# nice frame on the net ... what maker



## locomotion (Jan 1, 2017)

great frame on EBay
beautiful craftsmanship who is the maker?


----------



## Robertriley (Jan 1, 2017)

I think it stands for United Stated Bicycles. I think @Wheeled Relics has one.


----------



## barracuda (Jan 1, 2017)

Chicago manufacturer in business between roughly 1895 and 1898, though I believe their leftover stock was sold widely for at least a few few years after the parent company failed in 1898.


----------



## corbettclassics (Jan 1, 2017)

Bri had a real nice not long ago.  I have some ads for them - need to look through my stuff.


----------



## Wheeled Relics (Jan 2, 2017)

Yup United States brand. 4 years only from what I understand from Wheelmen archives thank u for your discretion in link posting.


----------



## rustNspokes (Jan 2, 2017)

Does anyone know what other "brands" or badges were used by the Chicago Stamping Company? I'm convinced there may be at least two more other than "The United States", but haven't been able to come up with any solid info.


----------



## barracuda (Jan 2, 2017)

I find no evidence that Chicago Stamping produced other marques beside the "U.S.", but considering the longevity of the company (est. 1867?) I suppose it's possible. By 1897, the United States badge could be found on a lot of different bikes:





And they acquired a modicum of fame for producing Lillian Russell's gold-plated, jewel-encrusted bike upon the order of "Diamond" Jim Brady, the New York robber baron:









She was pretty cute.

I must say, it's too bad the Ebay seller of the bike above has decided to part out the pieces of that fairly complete looking example. Oh well. If you bid, get it all!


----------



## New Mexico Brant (Jan 4, 2017)

barracuda said:


> Lillian Russell's gold-plated, jewel-encrusted bike upon the order of "Diamond" Jim Brady, the New York robber baron



So how many Diamond Jim Brady ordered bikes exist?  Someone told me he ordered several and gave them away to close friends, family, and even his mistress.  Is this true?


----------



## barracuda (Jan 4, 2017)

New Mexico Brant said:


> Is this true?




It is rumored that Brady commissioned several golden bicycles from Columbia. However - as far as I can tell - the only surviving example of this type of Gay 90's fancy is the Tiffany bicycle in the Smithsonian collection, the provenance of which is somewhat murky, but which does not seem to have belonged to Brady.

1896:







1903:


----------



## New Mexico Brant (Jan 10, 2017)

I bought this, can someone please suggest correct hubs/wheels for this.  What is on the known examples? @Wheeled Relics @bricycle


----------



## bricycle (Jan 10, 2017)

came with straight pull spokes....I have some pics somewhere....


----------



## New Mexico Brant (Jan 10, 2017)

bricycle said:


> came with straight pull spokes....I have some pics somewhere....

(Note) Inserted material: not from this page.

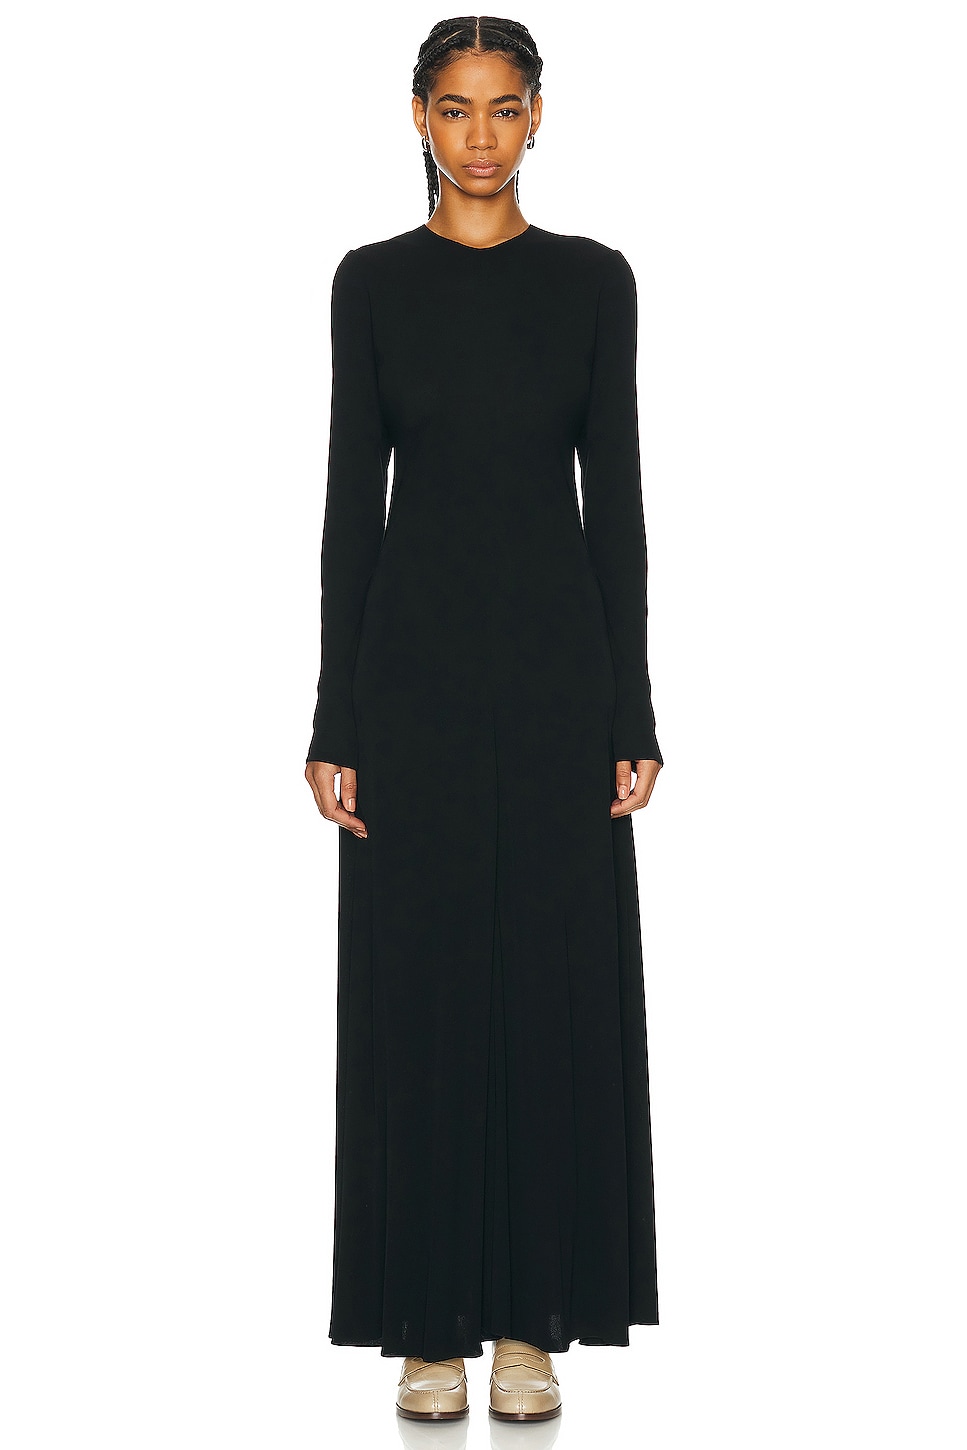 Image 1 of The Row Venusia Dress in BLACK

Thanks Bri, I would love to see the pictures!  Kindly, Brant


----------



## Robertriley (Jan 10, 2017)

New Mexico Brant said:


> I bought this, can someone please suggest correct hubs/wheels for this.  What is on the known examples? @Wheeled Relics @bricycle



Congrats on the purchase.


----------



## bricycle (Jan 10, 2017)

US wheel pics....


----------



## corbettclassics (Jan 10, 2017)

bricycle said:


> US wheel pics....
> View attachment 407914 View attachment 407915 View attachment 407916 View attachment 407917




Those are very difficult hubs to find..!!!!  Possible though as you never know what comes crawling out of the drawer!


----------



## New Mexico Brant (Jan 10, 2017)

corbettclassics said:


> Those are very difficult hubs to find..!!!!  Possible though as you never know what comes crawling out of the drawer!



Whoa!  These TOC bikes are fun!  What do I even ask for, an alligator toothed hub?!  Thank you everyone for the pictures and assistance!


----------



## barracuda (Jan 10, 2017)




----------



## New Mexico Brant (Jan 10, 2017)

barracuda said:


>



Thanks Barracuda!  I think this pins down the correct bars that which were sold at the auction too.


----------



## olderthandirt (Jan 12, 2017)

ah looks like the same hubs that victor and spaulding used during this time i think we can add another manufacturer to the list ! commonly called straight pull hubs today they were reintroduced in alloy as the newest design on hi end mountain bikes in the 2000s


----------